▶ **Work task**:
Return the whole listing unchanged. Drop the images.

[Opening Information supplied section]

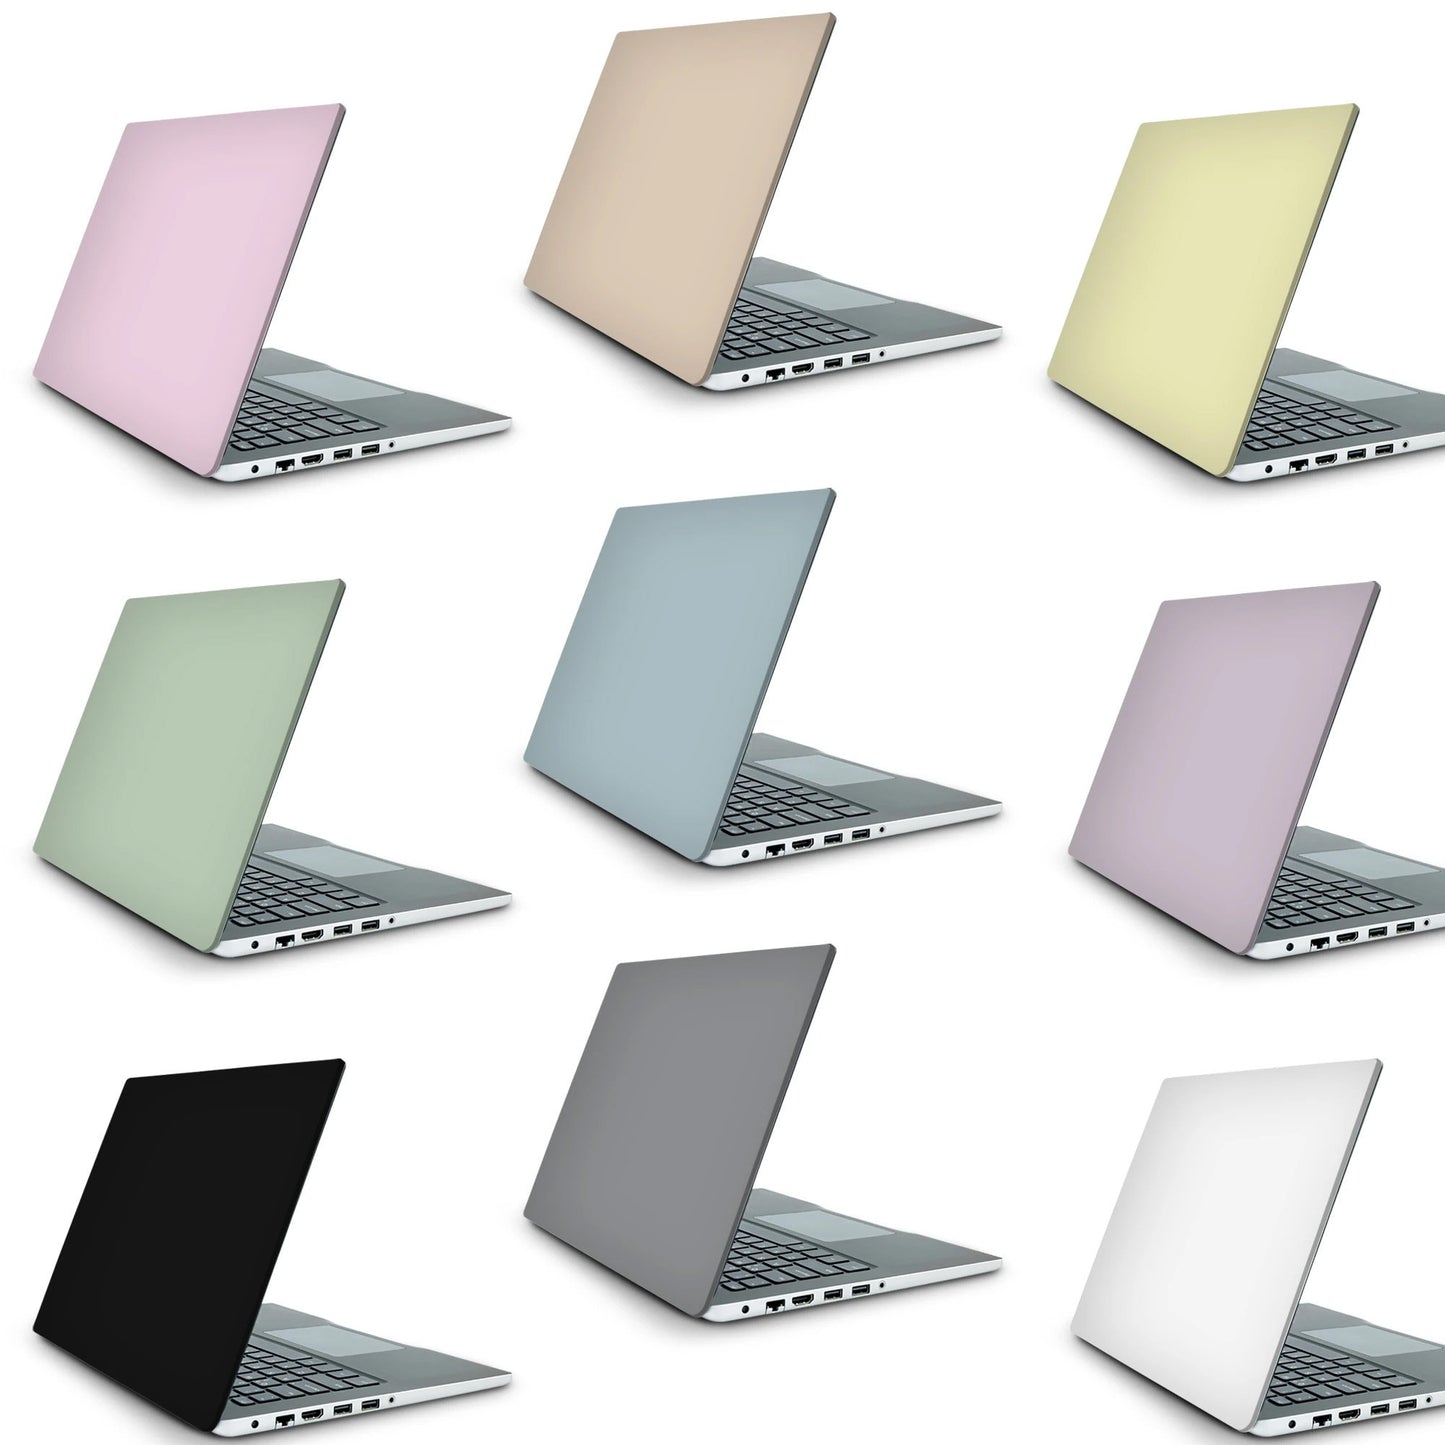 Abstract Desert Laptop Skin, Laptop Cover, Laptop Skins, Removable Laptop Skins, Laptop Decal, Customized Laptop Skin, Laptop Stickers 172
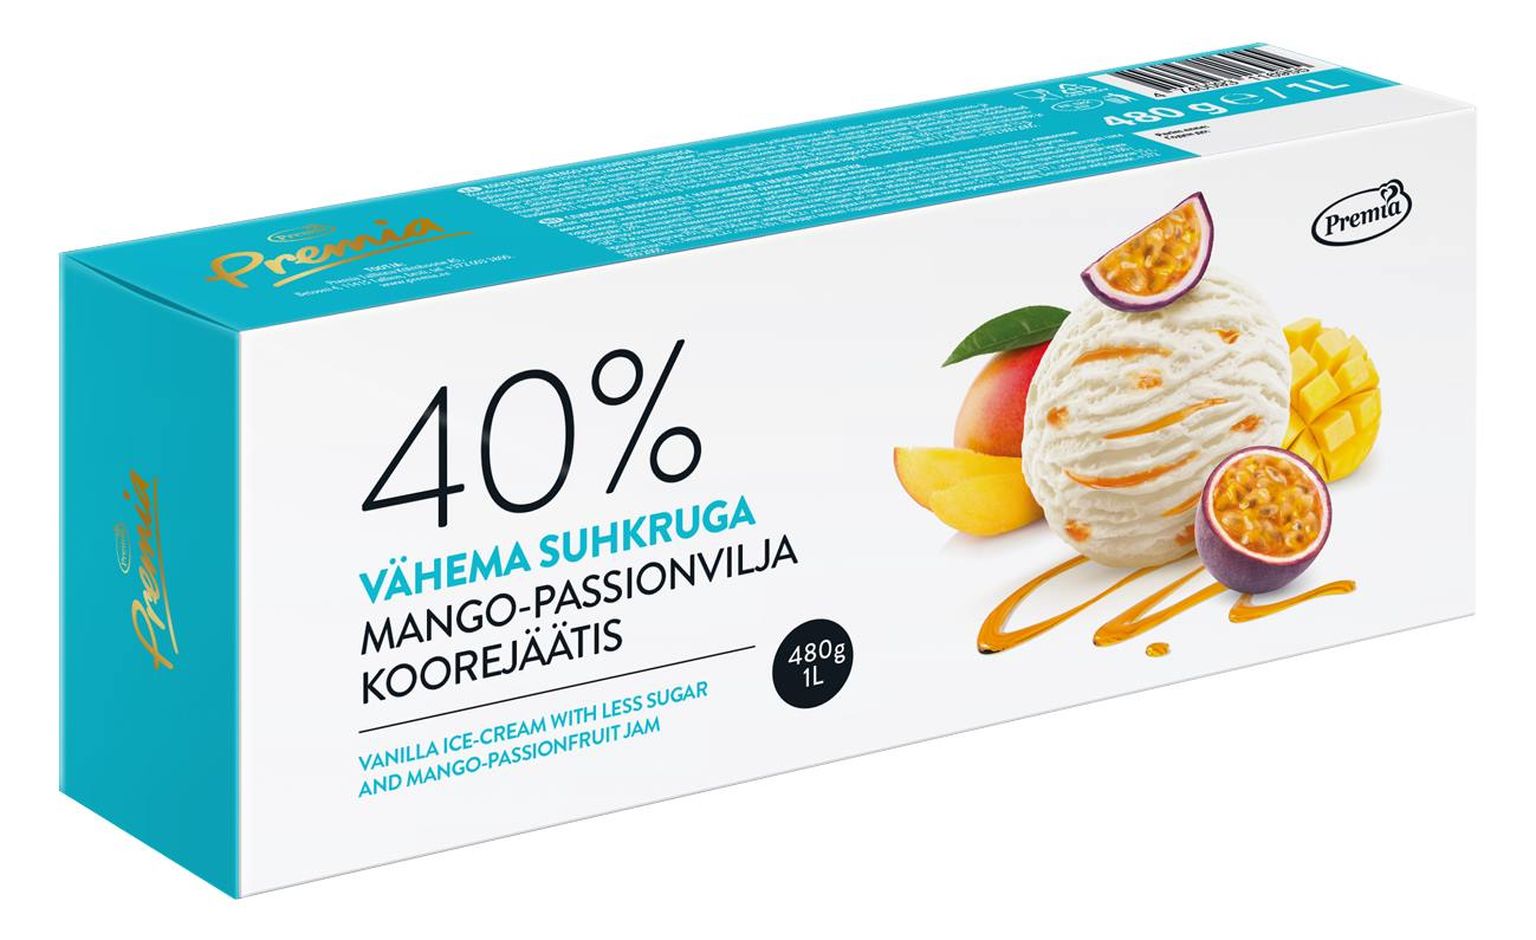 Eesti Parim Toiduaine 2020 on Premia mango-passionvilja koorejäätis, mis pälvis Toiduliidu konkursil ka parima magustoidu hõbemärgi.
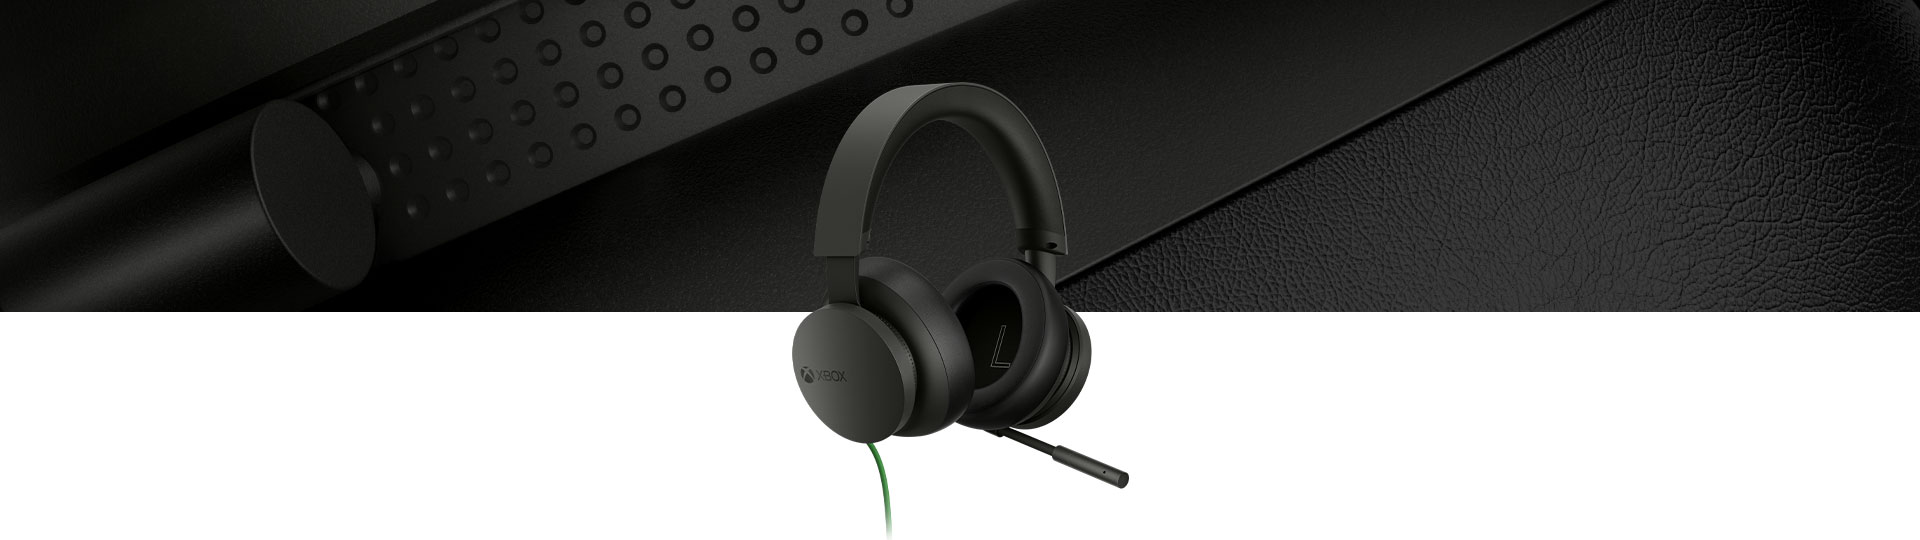 Xbox Stereo-Headset mit einer Nahaufnahme des Headsets im Hintergrund
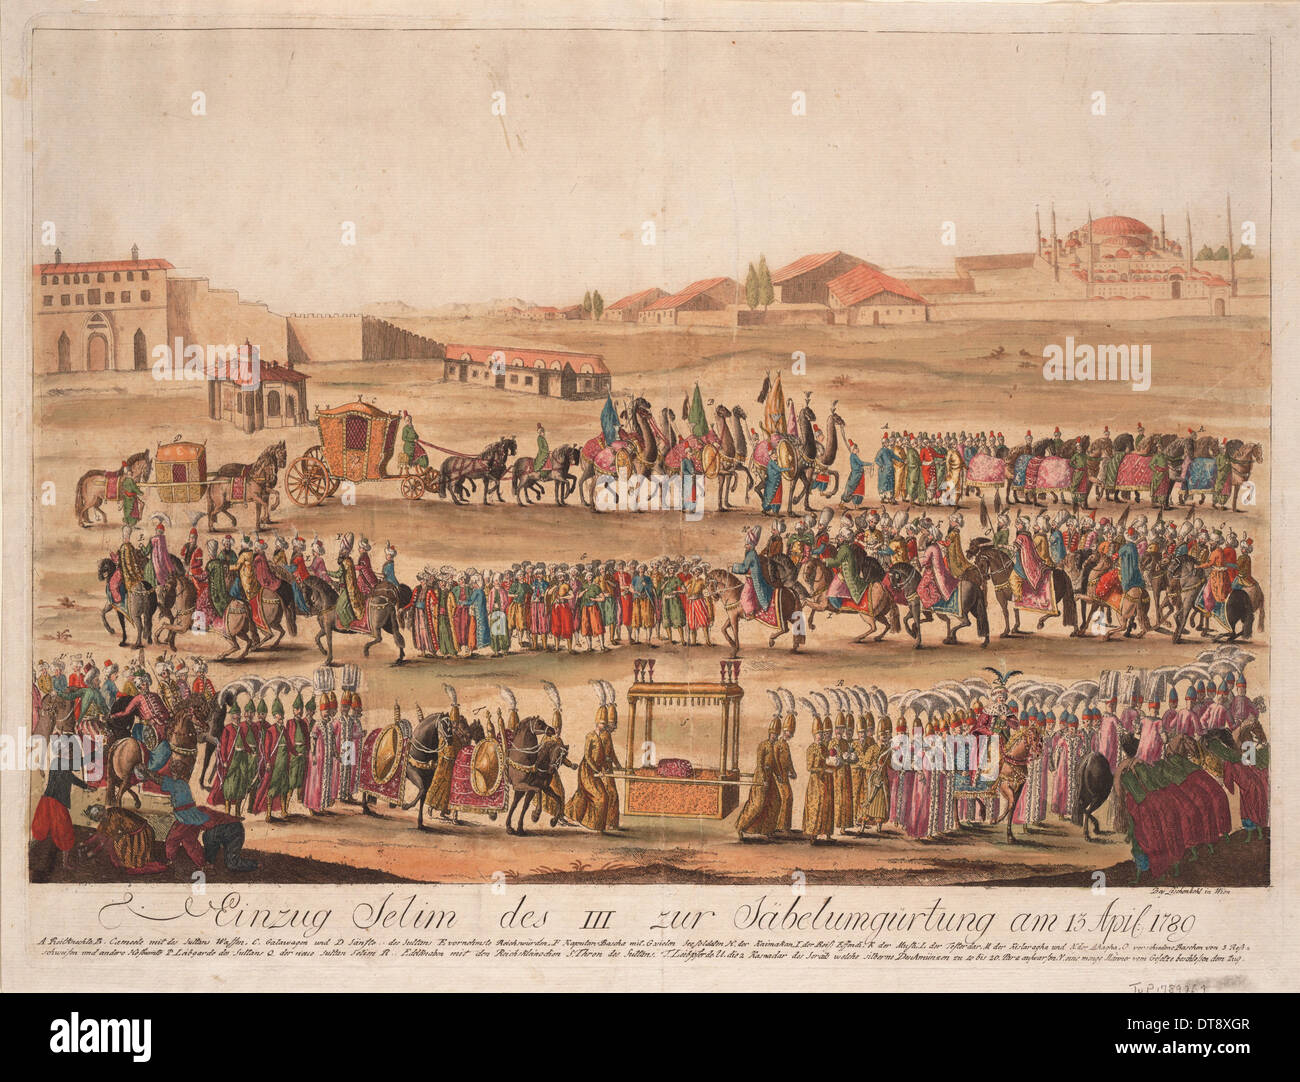 L'entrée du Sultan Selim III à l'engagement le sabre le 13 avril 1789, 1789. Artiste : Loeschenkohl, Johann Hieronymus (1753-1807) Banque D'Images

[Closing Information supplied section]

▶ **Finished exercise**:
 Abstract Desert Laptop Skin, Laptop Cover, Laptop Skins, Removable Laptop Skins, Laptop Decal, Customized Laptop Skin, Laptop Stickers 172
 Eesti Parim Toiduaine 2020 on Premia mango-passionvilja koorejäätis, mis pälvis Toiduliidu konkursil ka parima magustoidu hõbemärgi.
 Xbox Stereo-Headset mit einer Nahaufnahme des Headsets im Hintergrund
 L'entrée du Sultan Selim III à l'engagement le sabre le 13 avril 1789, 1789. Artiste : Loeschenkohl, Johann Hieronymus (1753-1807) Banque D'Images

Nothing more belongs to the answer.